# Should I replace this air compressor cylinder?



## 2th Doc (Sep 22, 2012)

So my 1993 Craftsman air compressor blew the piston ring a few days ago so I took it apart and am wondering if I should replace the cylinder too, or if replacing the ring itself would be enough? I'm not sure how long the new ring would last with this amount of teflon rubbed off. Maybe it's not that big of a deal. The ring is only $10, whereas the whole cylinder kit is around $50, so it's a bit of a jump in price. I don't use the compressor a ton, mostly for HVLP a few hours every 3-4 months when I get a new project going.


----------



## Bondo (Dec 8, 2007)

Ayuh,.... I did my ole sears compressor a few years ago, a direct drive *NOISY* unit...
Looked just like that 1,....

I went for the Full Kit, piston, rod, ring, 'n cylinder...

It pumps like a Brand New unit,...

It looks like yer has sucked some Crud,... those vertical scores don't look to good...
Replace the filter, to keep the dirt out,...


----------



## 2th Doc (Sep 22, 2012)

Bondo said:


> Ayuh,.... I did my ole sears compressor a few years ago, a direct drive *NOISY* unit...
> Looked just like that 1,....
> 
> I went for the Full Kit, piston, rod, ring, 'n cylinder...
> ...


Was it difficult to remove the rod? From what I can see it's just that torx screw attaching it to the crank, but I'm guessing it's on there pretty good. 

Funny you mention the filter... I was actually wondering where the filter was supposed to be because I couldn't see one when I was taking it apart. Does the filter fit into the end of the muffler? (Not sure why they call it a muffler since it was definitely suctioning my hand when I placed it on the hole.) Looking at the sears diagram it would seem so since it's just a black plastic ring of sorts.

Thanks for your help by the way!


----------



## joecaption (Nov 30, 2011)

Should have been a piece of foam as an air filter.
You are also going to repace the reed assembly, right.


----------



## 2th Doc (Sep 22, 2012)

joecaption said:


> Should have been a piece of foam as an air filter.
> You are also going to repace the reed assembly, right.


Okay, sorry I was looking at the wrong part. I see the foam filter (not on my compressor, but on the diagram). Guess I'll have to get one of those as well. Thanks for mentioning it.

I hadn't planned to replace the reed assembly actually.
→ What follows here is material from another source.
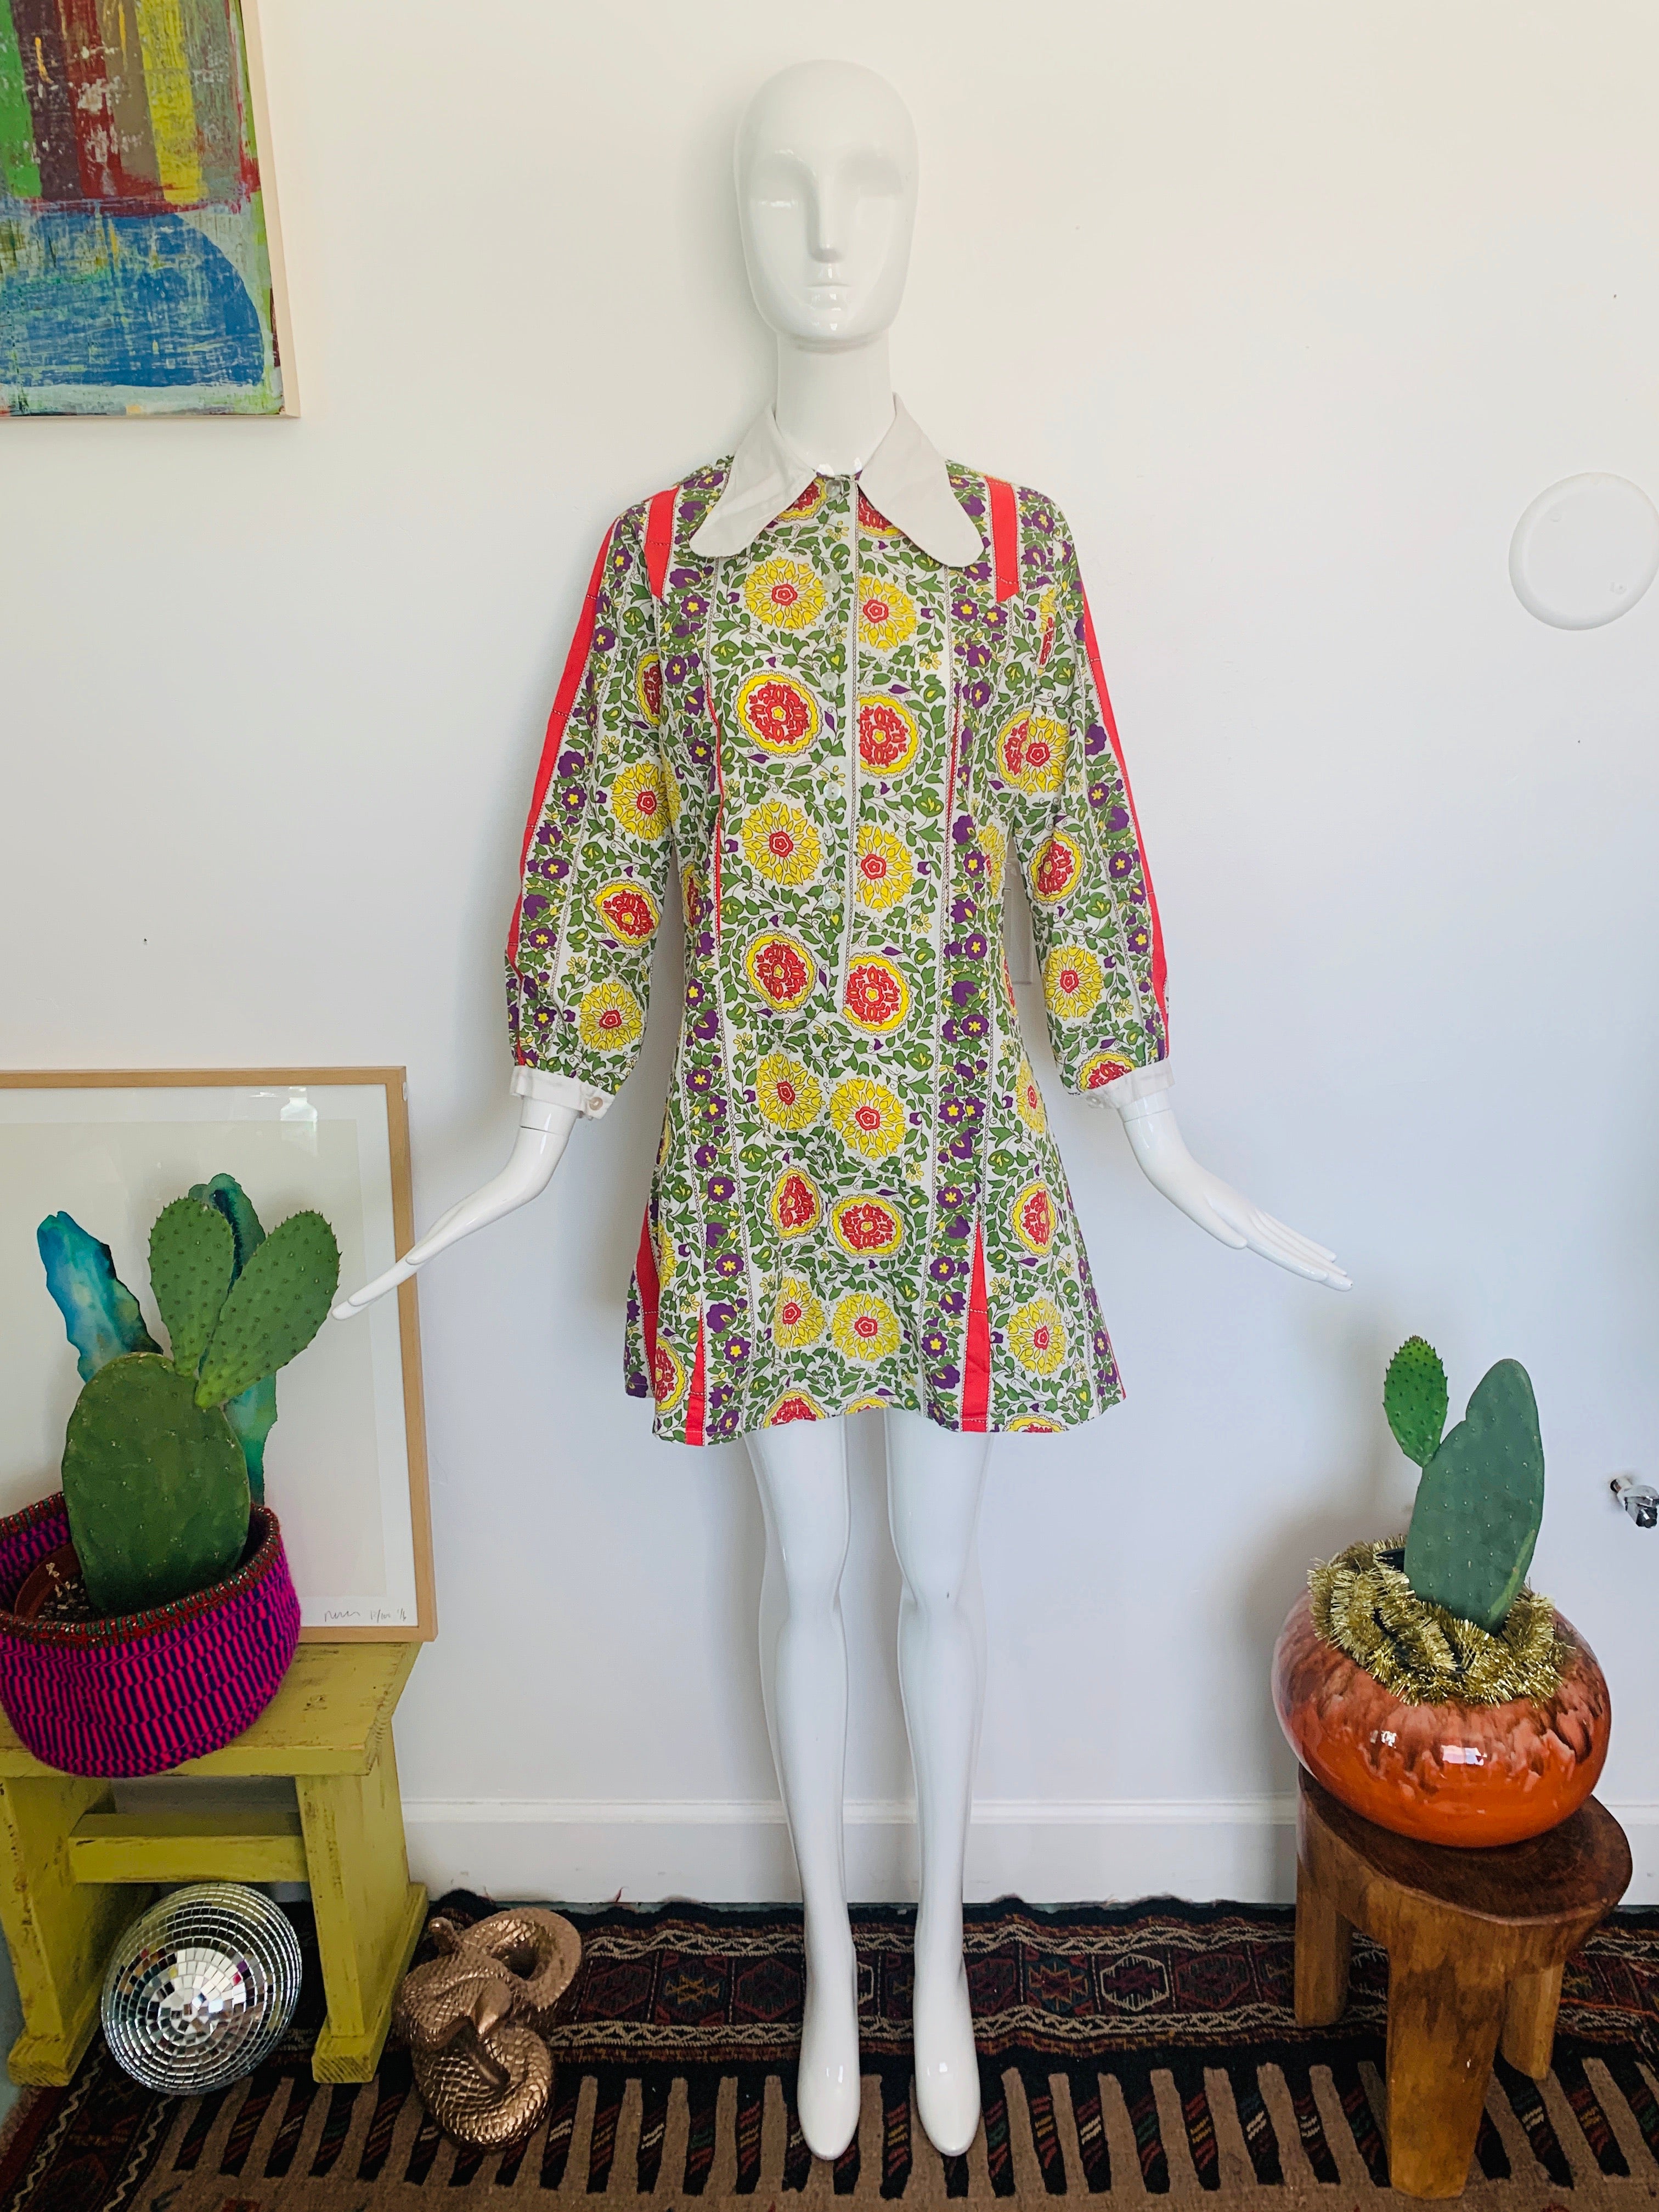 70s inspired dresses

Sears doesn't seem to make the part for my model (919152920) anymore either. The reeds looked to be in pretty good shape, aside from some greyish chalky buildup on one side that I was able to clean off nicely with a razor blade. Is there a reason why I couldn't just use the old ones successfully?


----------



## joecaption (Nov 30, 2011)

There one of the most common reason oil less compresser will not build up pressure, they act like the valves in your car.
They work harden over time and snap off or leak.


----------



## 2th Doc (Sep 22, 2012)

joecaption said:


> There one of the most common reason oil less compresser will not build up pressure, they act like the valves in your car.
> They work harden over time and snap off or leak.


That'd be a crappy deal to put in a new cylinder and have one of the piston-side reeds break off and scratch it all up. Well, while the actual valve plate assy for my model isn't made anymore, I found a different assy (Z-AC-0032) that uses the same reeds as on my model. That'll up the ante another $40. Ironically, this is going to cost me more than I paid for the compressor :wink:


----------